BEGIN Material for this task
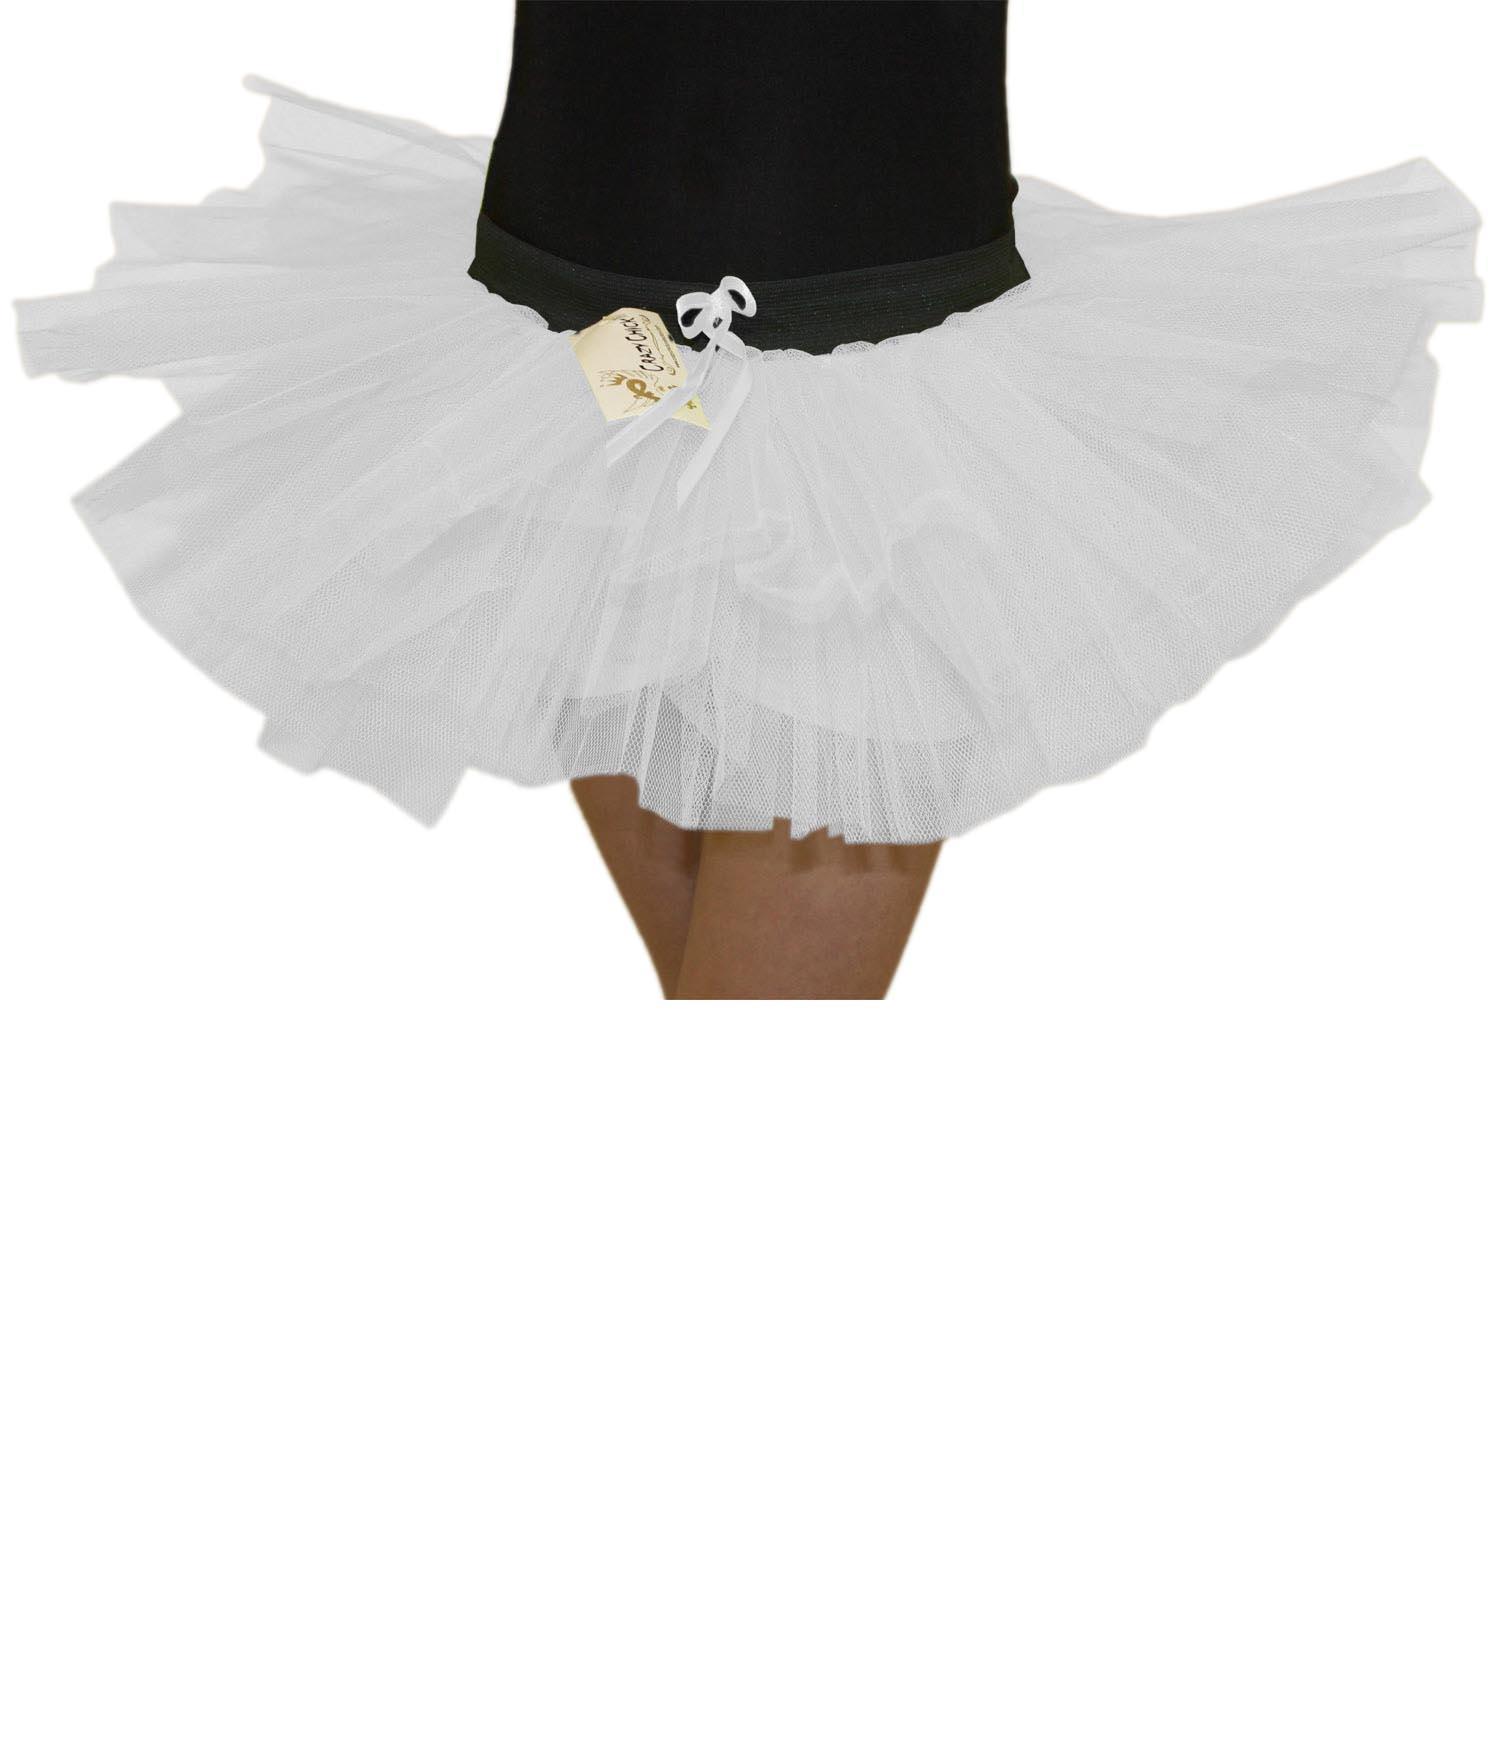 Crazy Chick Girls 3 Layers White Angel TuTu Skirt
END Material for this task
BEGIN Material for this task
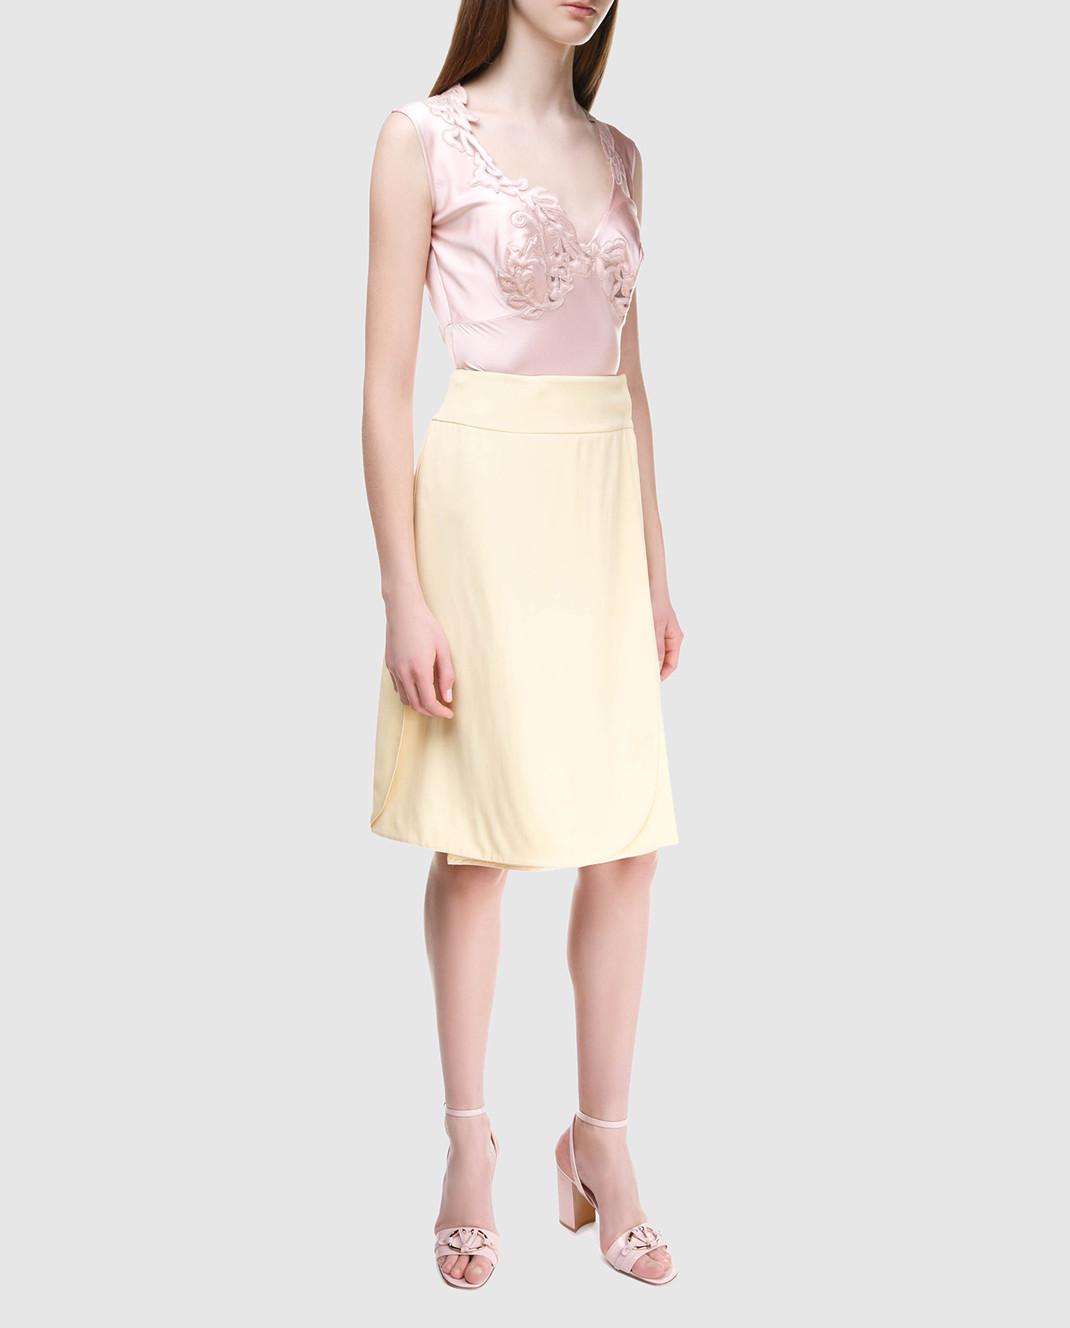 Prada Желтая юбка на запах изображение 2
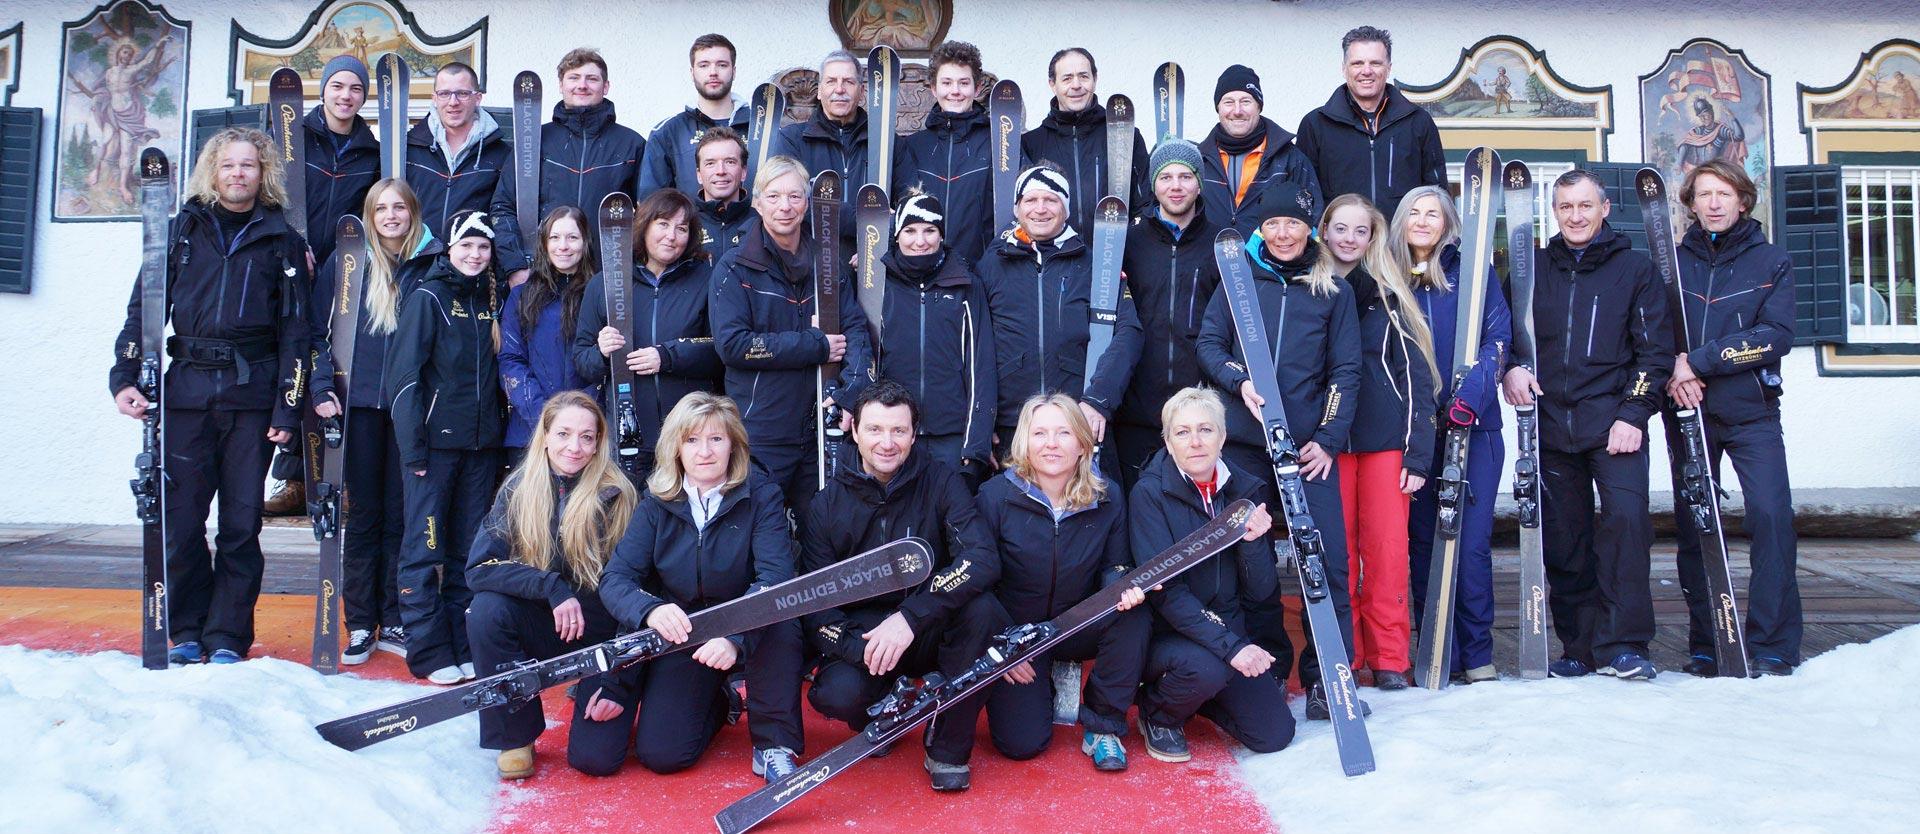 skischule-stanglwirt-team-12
END Material for this task
BEGIN Material for this task
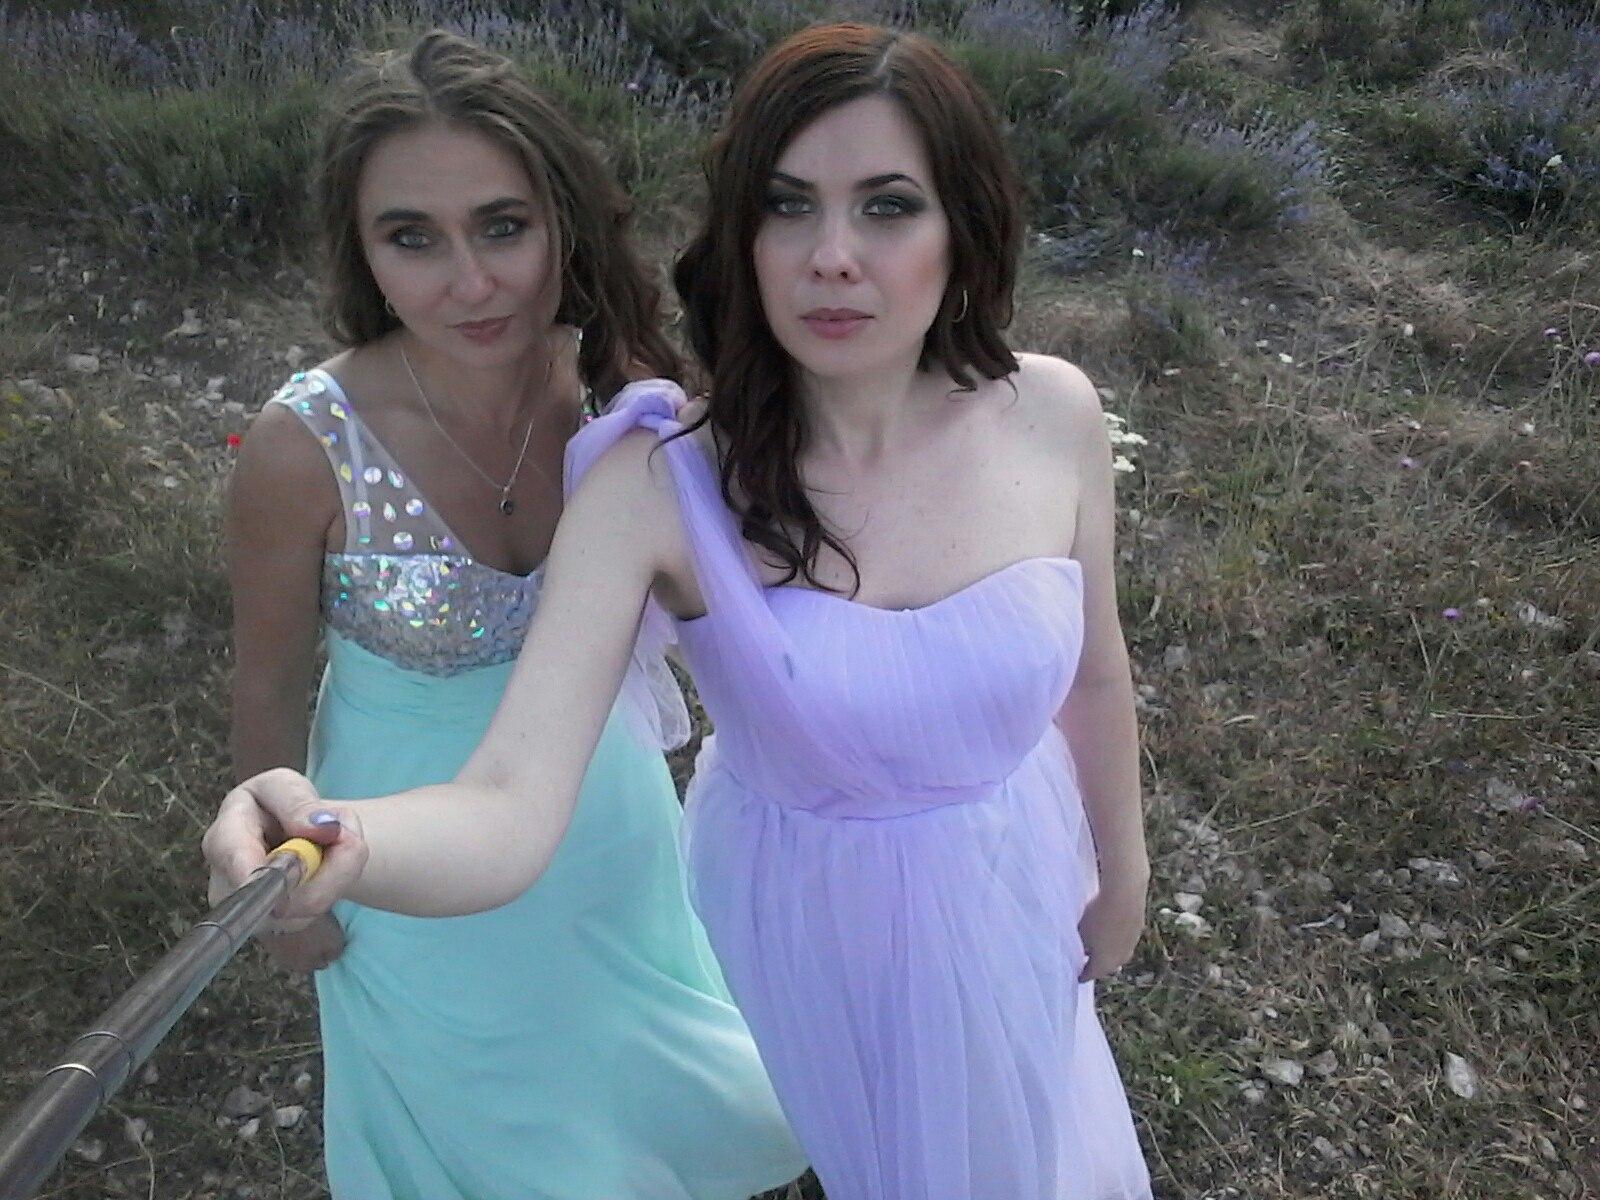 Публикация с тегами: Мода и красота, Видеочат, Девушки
END Material for this task
• Task:
Leaving out all pictures, set down exactly the lines of the material above, from the line with "Prada Желтая юбка на запах изображение 2" to the line with "skischule-stanglwirt-team-12" inclusive, and no others.

• Task response:
 Prada Желтая юбка на запах изображение 2
 skischule-stanglwirt-team-12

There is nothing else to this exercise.